## Work request
The data is to be reproduced in full and without error.

## Provided data
--------
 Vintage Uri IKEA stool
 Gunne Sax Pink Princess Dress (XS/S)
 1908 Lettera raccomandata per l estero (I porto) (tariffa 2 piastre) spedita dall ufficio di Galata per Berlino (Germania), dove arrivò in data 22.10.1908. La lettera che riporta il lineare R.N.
--------
## The answer
 Vintage Uri IKEA stool
 Gunne Sax Pink Princess Dress (XS/S)
 1908 Lettera raccomandata per l estero (I porto) (tariffa 2 piastre) spedita dall ufficio di Galata per Berlino (Germania), dove arrivò in data 22.10.1908. La lettera che riporta il lineare R.N.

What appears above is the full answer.